Mohain with Parliament... (sorry i usually announce this a week earlier)









...and runner up is Seemoo with Abandoned train station







congrats to you both


----------



## Antarctican (Jun 4, 2007)

Well done! Both are killer shots.


----------



## Mohain (Jun 4, 2007)

Yay! Thanks very much indeed!  :smileys:


----------



## doenoe (Jun 4, 2007)

congrats :thumbup:


----------



## DigitalDiva (Jun 4, 2007)

Congrats to the winners. Glad to see my favourite made at least runner up!


----------



## oldnavy170 (Jun 4, 2007)

Wow that second shot is amazing!  I somehow missed that one when it was originally posted.  Great job on both of these though..............


----------



## Mohain (Jun 4, 2007)

I must just say thanks to loser101 for the nomination  and thanks for the votes. It's amazing with over 50 votes to win with just 6! It was so close for most of the month and very little in it at all at the end. A great testement to the quality of photos being posted :thumbup: Well done all :mrgreen: vbmenu_register("postmenu_794624", true);


----------



## Puscas (Jun 4, 2007)

:thumbup::thumbup: for both pics. 








pascal


----------



## orchidboi (Jun 4, 2007)

Those are Awesome!  I love the water in the first photo, but the space and lighting in the second one are amazing.  Well done!  Congratulations!

Cheers,
Bruce


----------



## seemoo (Jun 5, 2007)

Congratulations to Mohain. Your picture is amazing!
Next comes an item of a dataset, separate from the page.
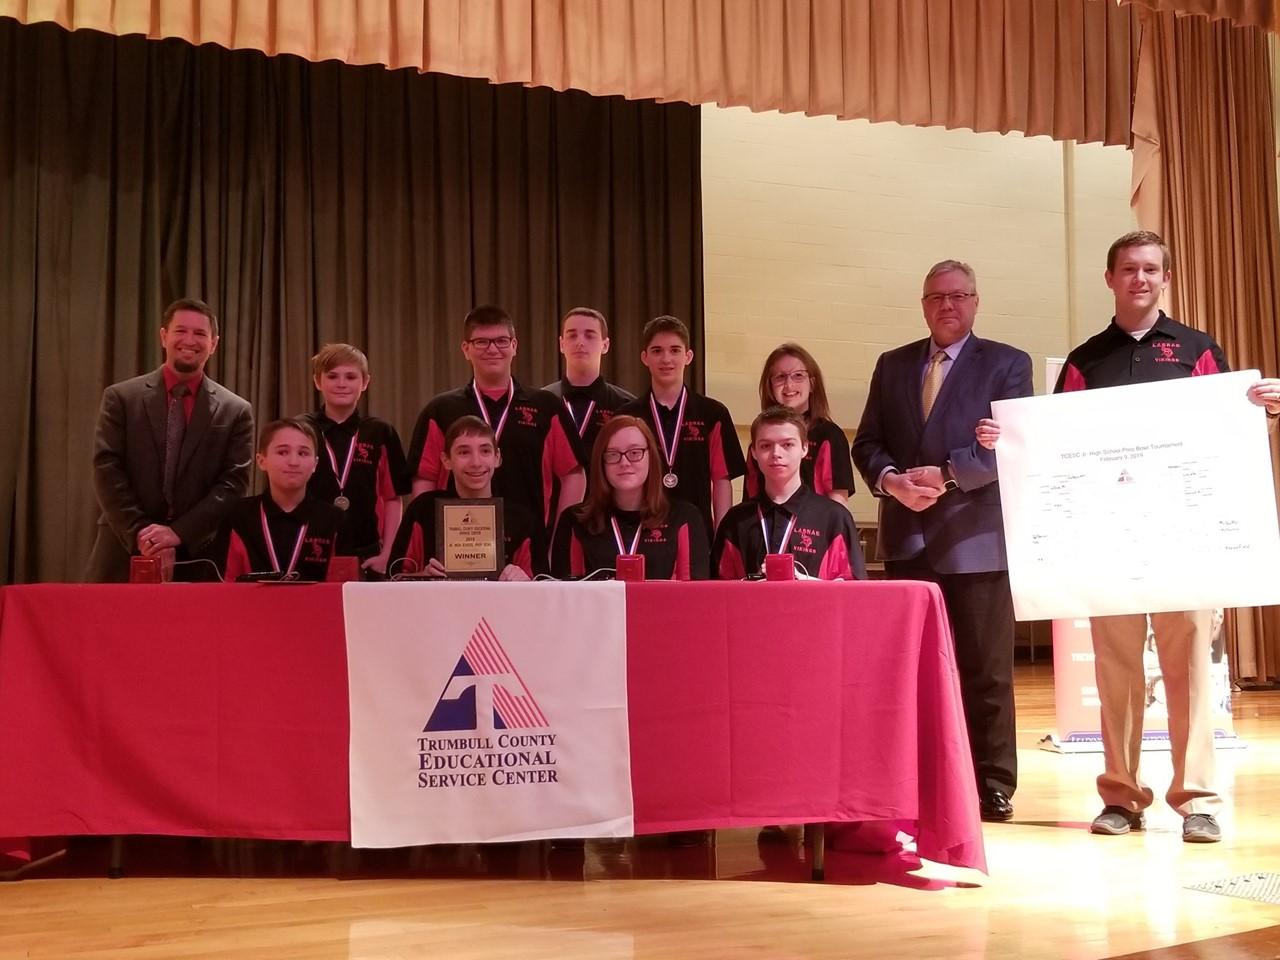 LaBrae Middle School wins TCESC Jr. High Prep Bowl

It makes me happy that you guys liked my picture as well. Thanks a lot and I'm looking forward for all the submissions this month.

Thanks again


----------



## Mohain (Jun 5, 2007)

Cheers folks


----------



## TwistMyArm (Jun 5, 2007)

Congrats to both of you. They are both fantastic photos.


----------



## Tangerini (Jun 5, 2007)

Yes congrats both of you!  Gorgeous photos!


----------